Synthesis, DNA interaction, in vitro/in silico topoisomerase II inhibition and photodynamic therapy activities of two cationic BODIPY derivatives


Barut B. , COBAN O. , YALÇIN C. Ö. , Bas H., SARI S., Biyiklioglu Z. , ...More

DYES AND PIGMENTS, vol.174, 2020 (Journal Indexed in SCI) identifier identifier

  • Publication Type: Article / Article
  • Volume: 174
  • Publication Date: 2020
  • Doi Number: 10.1016/j.dyepig.2019.108072
  • Title of Journal : DYES AND PIGMENTS
  • Keywords: Synthesis, BODIPY, Colorectal, Molecular docking, Topoisomerase, Nanoparticle, COMBINATION THERAPY, PHTHALOCYANINES, NANOPARTICLES, LIPOSOMES, ZINC(II), BINDING

Abstract

A new series of BODIPY 3 and 6 with two dimethylamino and diethylamino moieties at their 3,5-positions were prepared via Knoevenagel condensation of BODIPY 2 and 5 with 3,4-bis{3-[3-(dimethylamino)phenoxy]propoxy}benzaldehyde and 4-{3-[3-(dimethylamino)phenoxy]propoxy}benzaldehyde. Water soluble BODIPY-3a and BODIPY-6a were synthesized by treating BODIPY 3 and 6 with an excess of CH3-I in DMF. Singlet oxygen quantum yields, DNA binding and cleavage, topoisomerase II inhibition and photodynamic therapy activities of two cationic BODIPY derivatives (BODIPY-3a and BODIPY-6a) were examined utilizing different methods.
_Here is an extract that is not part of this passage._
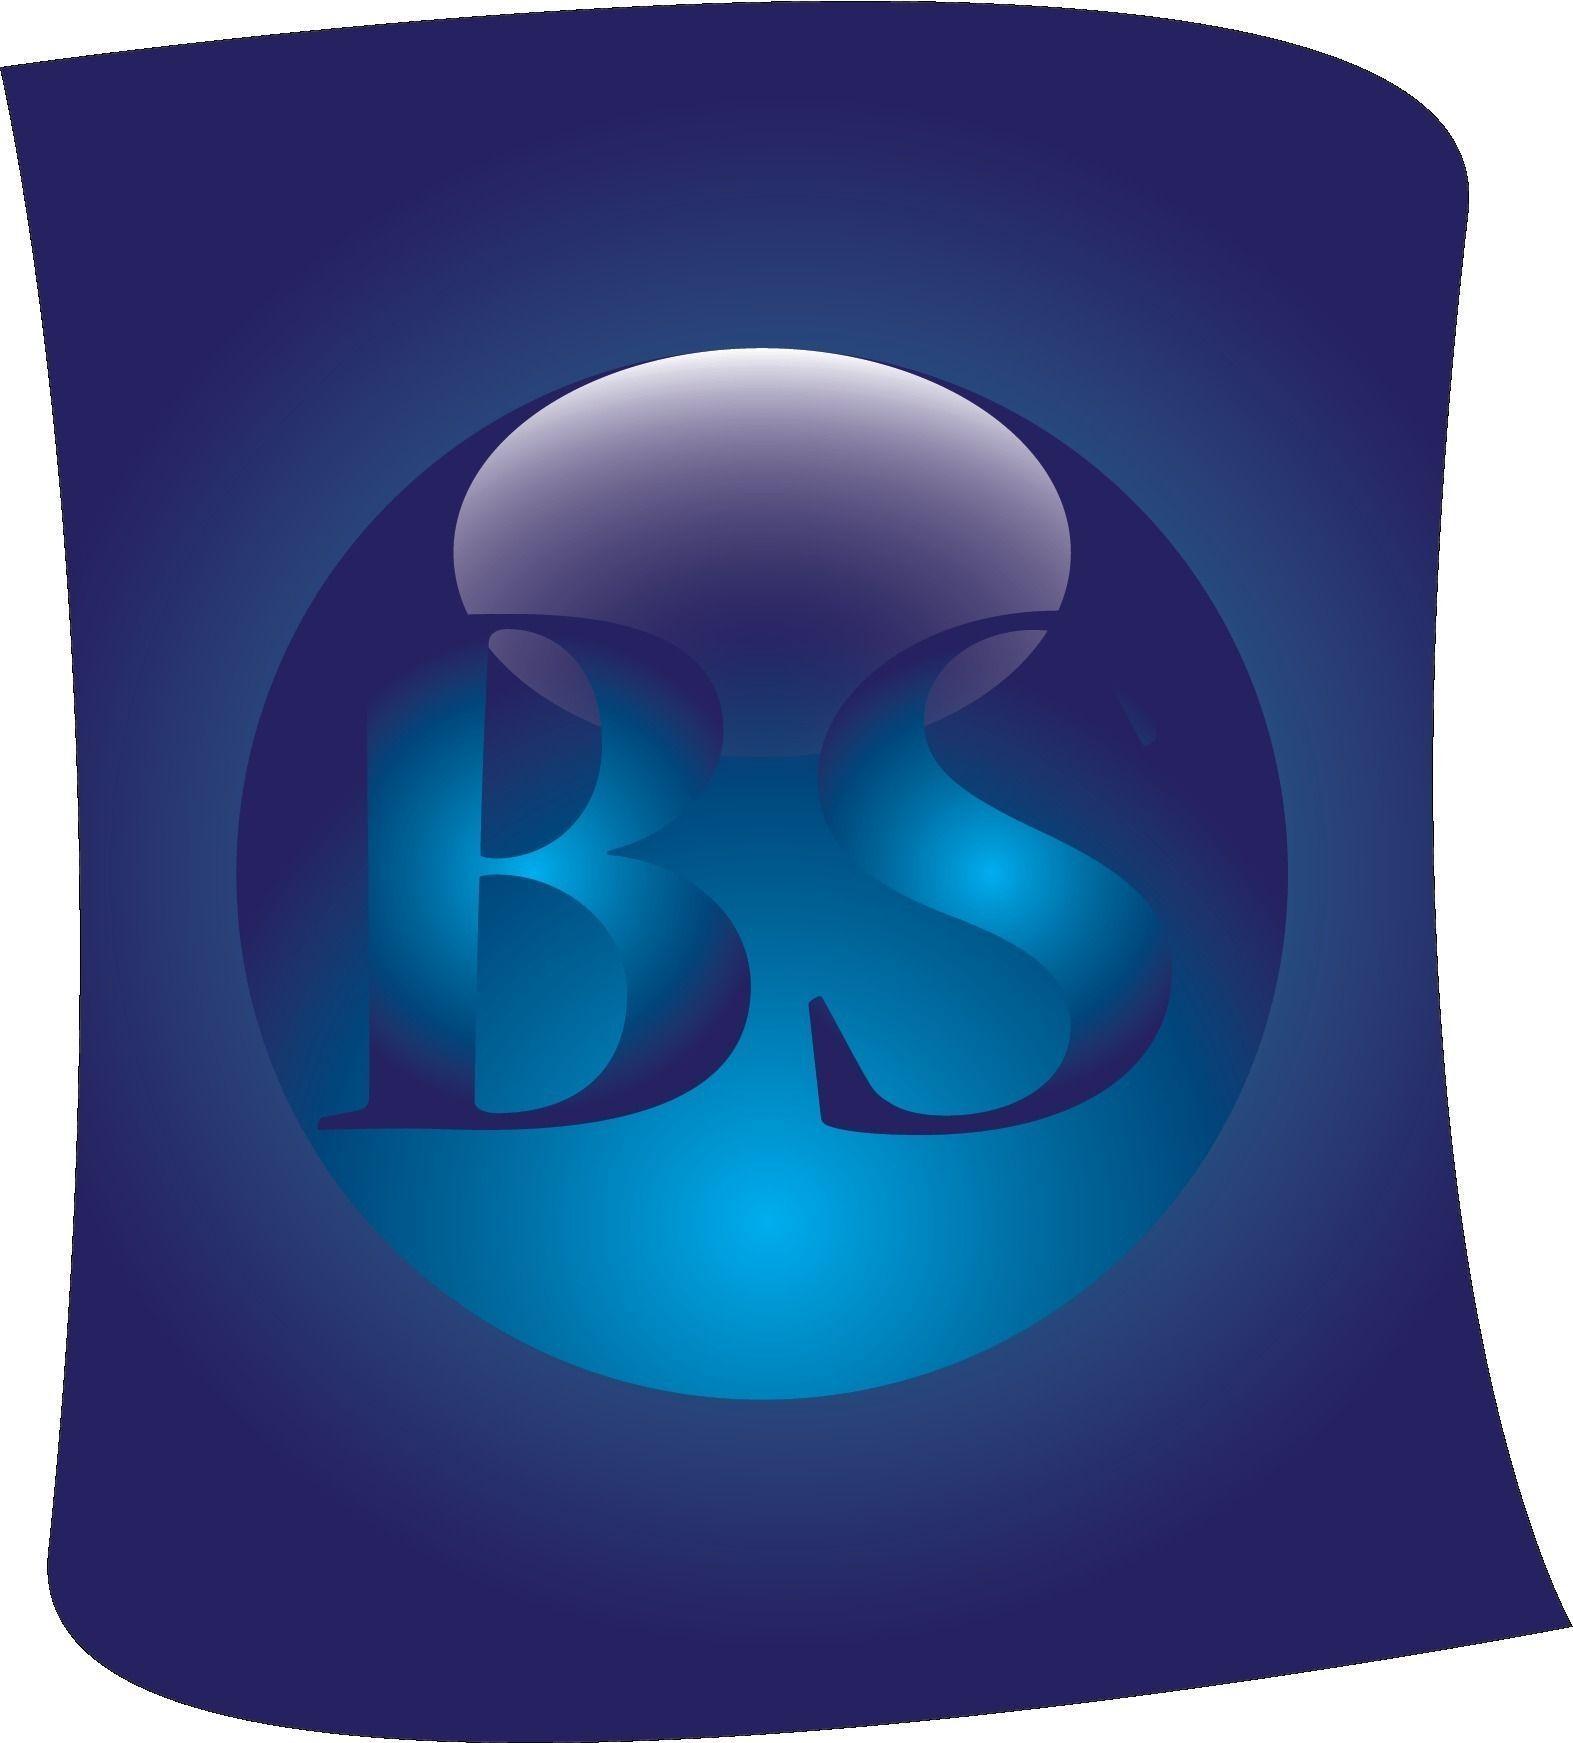 Biswajit25

The singlet oxygen quantum yield values of compounds were found to be 0.07 and 0.13 in TBS. BODIPY-3a and BODIPY-6a interacted with CT-DNA with K-b values of 5.18 +/-(0.15) x 10(3) and 2.88 +/-(0.05) x 10(3) M-1, respectively. The agarose gel electrophoresis experiments indicated that BODIPY-3a and BODIPY-6a had marked photocleavage activities on supercoiled plasmid DNA. The topoisomerase II inhibition studies showed that BODIPY-6a had higher inhibitory effect than BODIPY-3a, which was in line with the theoretical DNA-topoisomerase complex binding studies via molecular docking method. Based on MTT assay results, the IC50 values of BODIPY-3a and BODIPY-6a ranged from > 100 mu M to 27.20 mu M for 24, 48 and 72 h without and with light irradiation. Finally, LpBODIPY-6a and NpBODIPY-6a were prepared and their cytotoxic and phototoxic properties were determined using MTT assay. The IC50 values of LpBODIPY-6a were found > 100 mu M and 33.63 mu M, while the IC50 values of NpBODIPY-6a were 26.01 mu M and 5.66 mu M without/with irradiation. The presented studies suggested that nanoparticle formulation was found the most promising delivery vehicle for BODIPY-6a.